Sur les autres demandes
Conformément à l’article 696 du code de procédure civile, la SA Assurances du crédit mutuel, parties succombantes, seront condamnées aux entiers dépens de la présente procédure.
En application de l’article 700 du code de procédure civile, la SA Assurances du crédit mutuel, parties tenues aux dépens, sera en outre condamnée à payer à M. [D] [H] la somme de 2 000 euros au titre des frais irrépétibles.
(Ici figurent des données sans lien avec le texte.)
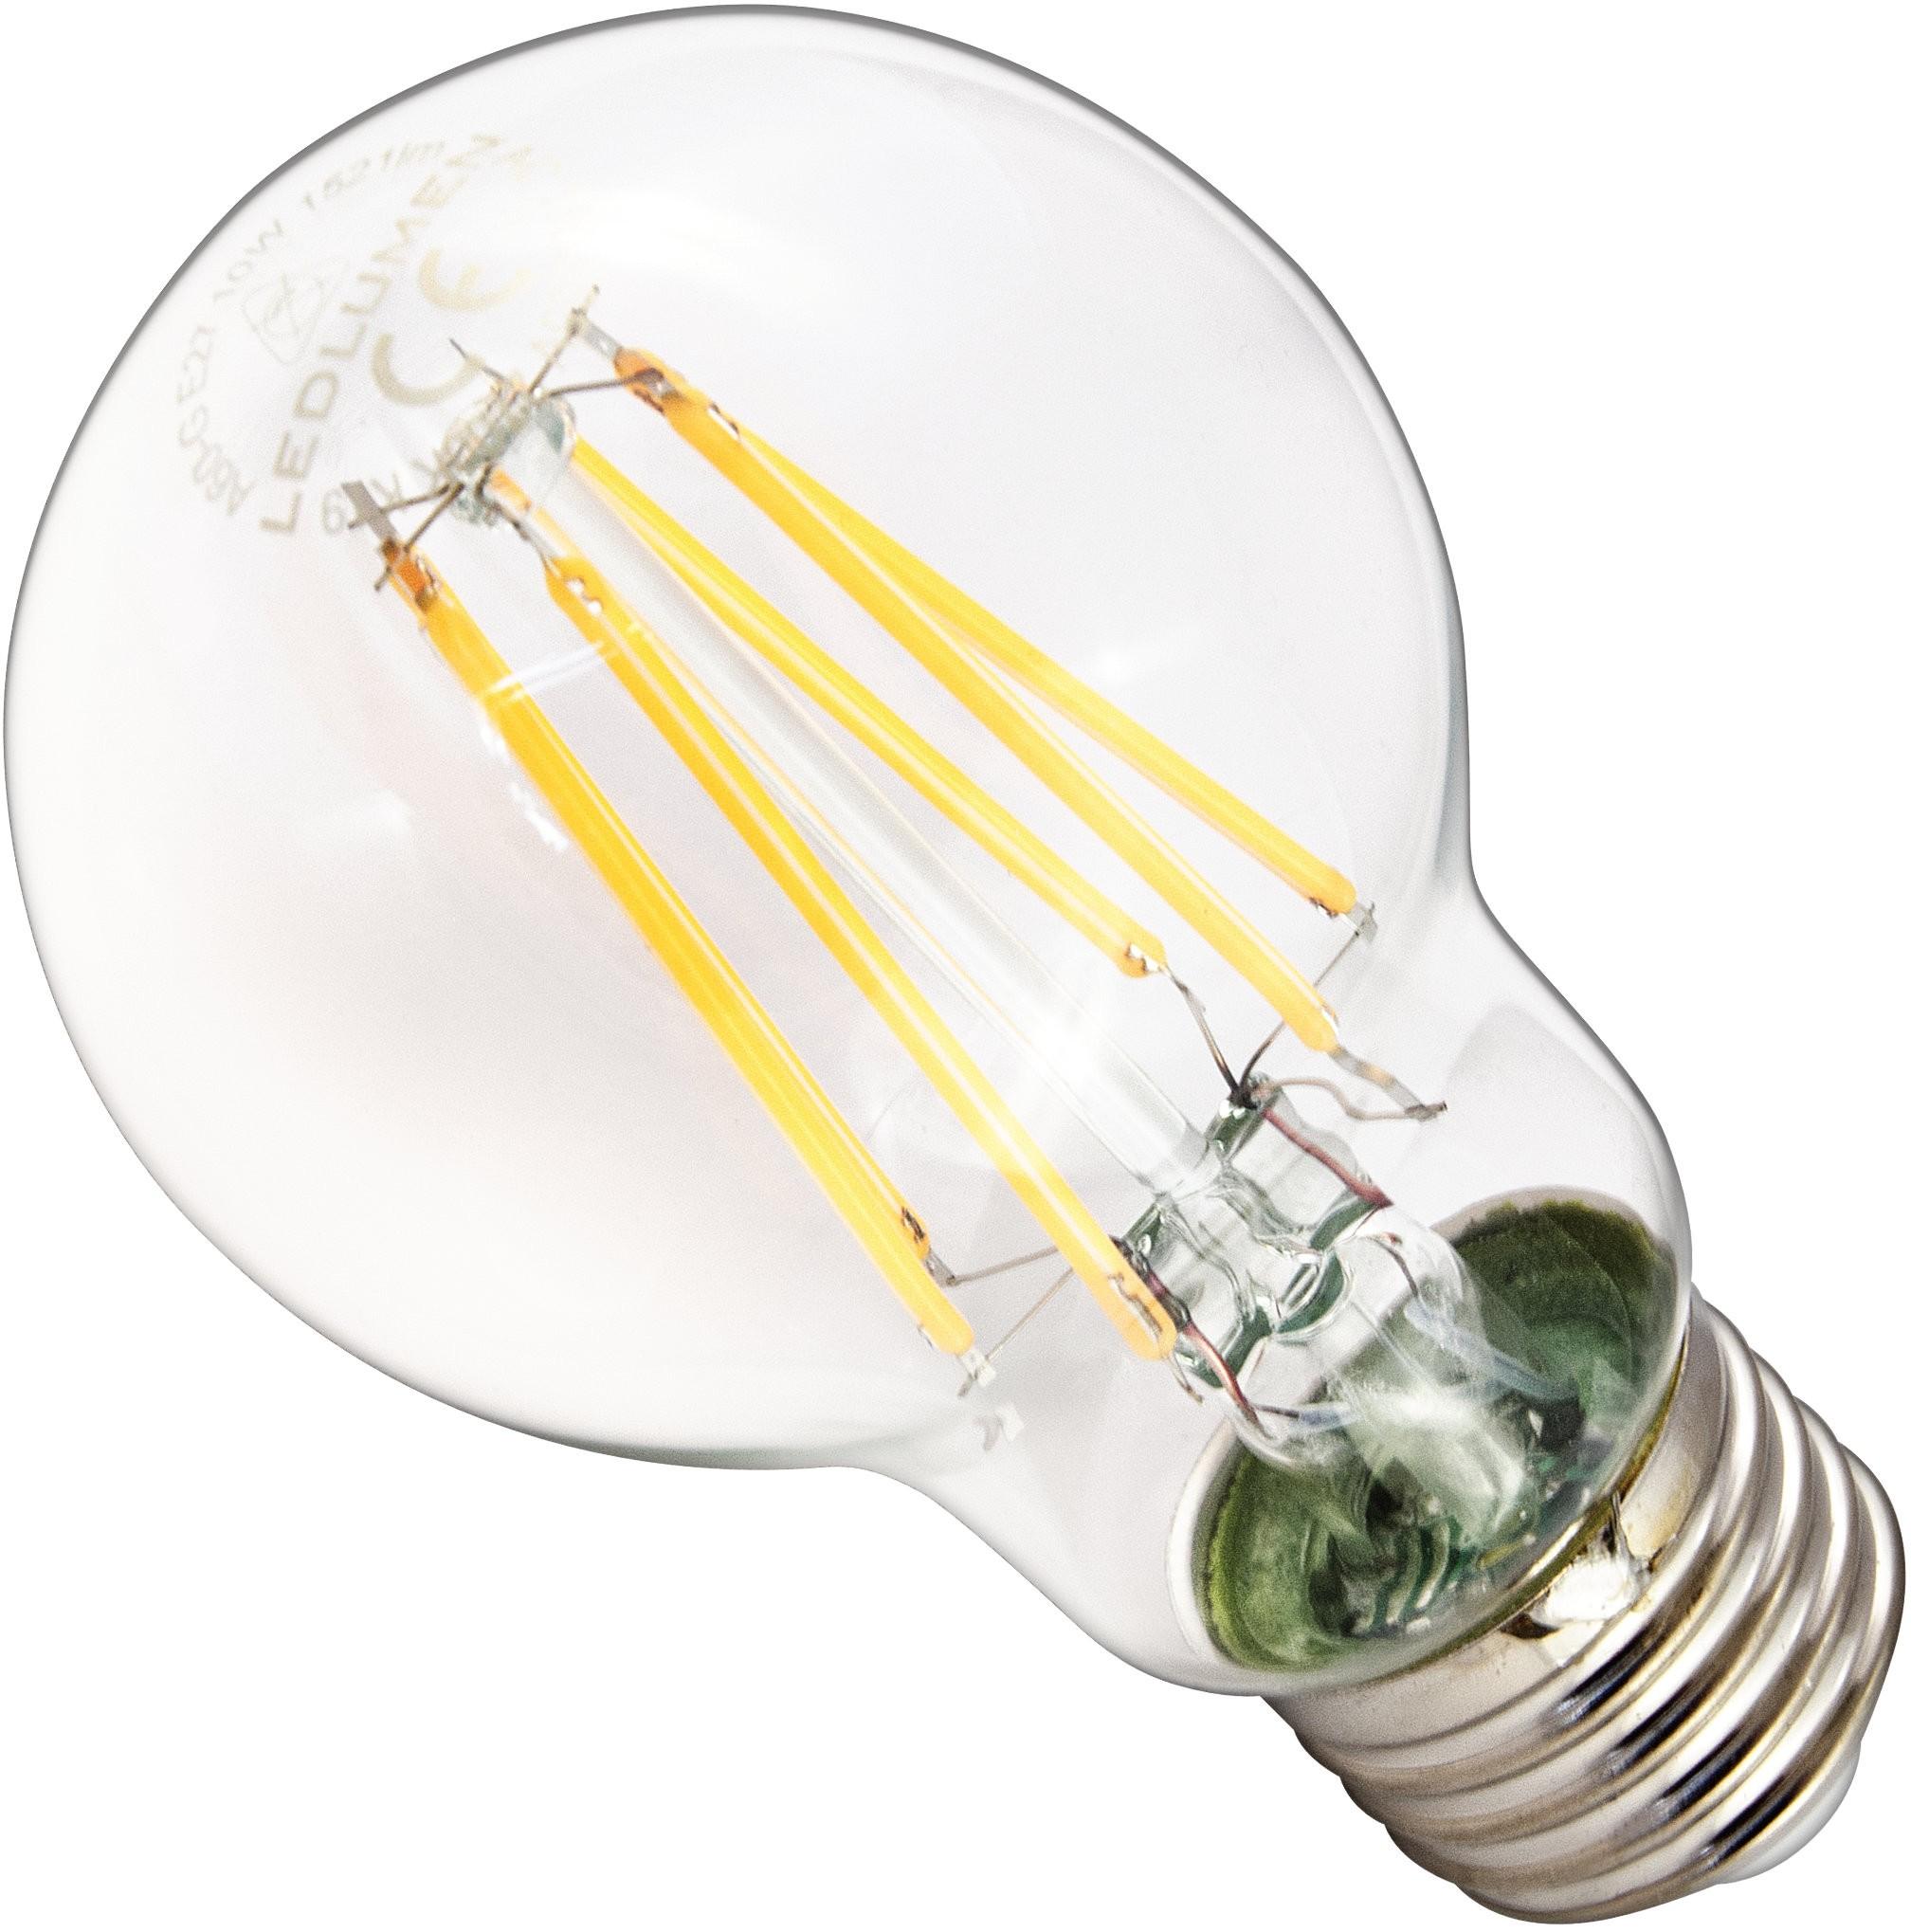 LEDlumen Żarówka LED A60-G E27 230V 10W FILAMENT 1521lm WW 251090392

En application de l’article 514 du code de procédure civile, la présente décision bénéficie de l’exécution provisoire de droit.
PAR CES MOTIFS
Le tribunal, statuant par mise à disposition au greffe, par jugement réputé contradictoire, rendu en premier ressort,
Révoque la clôture de l’instruction intervenue le 27 septembre 2025,
Reçoit les conclusions notifiées par la SA Assurances du crédit mutuel le 22 octobre 2025,
Ordonne la clôture de l’instruction à la date du 27 octobre 2025, à la date de l’audience de plaidoirie,
Condamne la SA Assurances du crédit mutuel à payer à M. [D] [H], en deniers ou quittances, la somme totale de 118 804 euros en réparation de son préjudice corporel consécutif à l’accident de la circulation du 6 octobre 2016, selon le détail suivant :
— frais d’assistance à expertise 4 320,00 euros
— frais d’assistance par tierce personne temporaire 18 888,45 euros
— frais d’assistance par tierce personne définitive rejet
— incidence professionnelle 50 000,00 euros
— déficit fonctionnel temporaire 10 395,60 euros
— souffrances endurées 20 000,00 euros
— préjudice esthétique temporaire 3 000,00 euros
— déficit fonctionnel permanent 51 200,00 euros
— préjudice esthétique permanent 5 000,00 euros
— préjudice d’agrément 6 000,00 euros
TOTAL 168 804,05 euros
PROVISION A DEDUIRE 50 000,00 euros
RESTANT DÛ 118 804,05 euros
Condamne la SA Assurances du crédit mutuel à payer à M. [D] [H] la somme de 2 000 euros au titre de l’article 700 du code de procédure civile,
Condamne la SA Assurances du crédit mutuel aux entiers dépens,
Déboute le demandeur de ses autres demandes,
Rappelle que la présente décision est assortie de l’exécution provisoire.
AINSI JUGE ET PRONONCE PAR MISE A DISPOSITION AU GREFFE DE LA DEUXIÈME CHAMBRE DU TRIBUNAL JUDICIAIRE DE MARSEILLE LE 1er DECEMBRE 2025.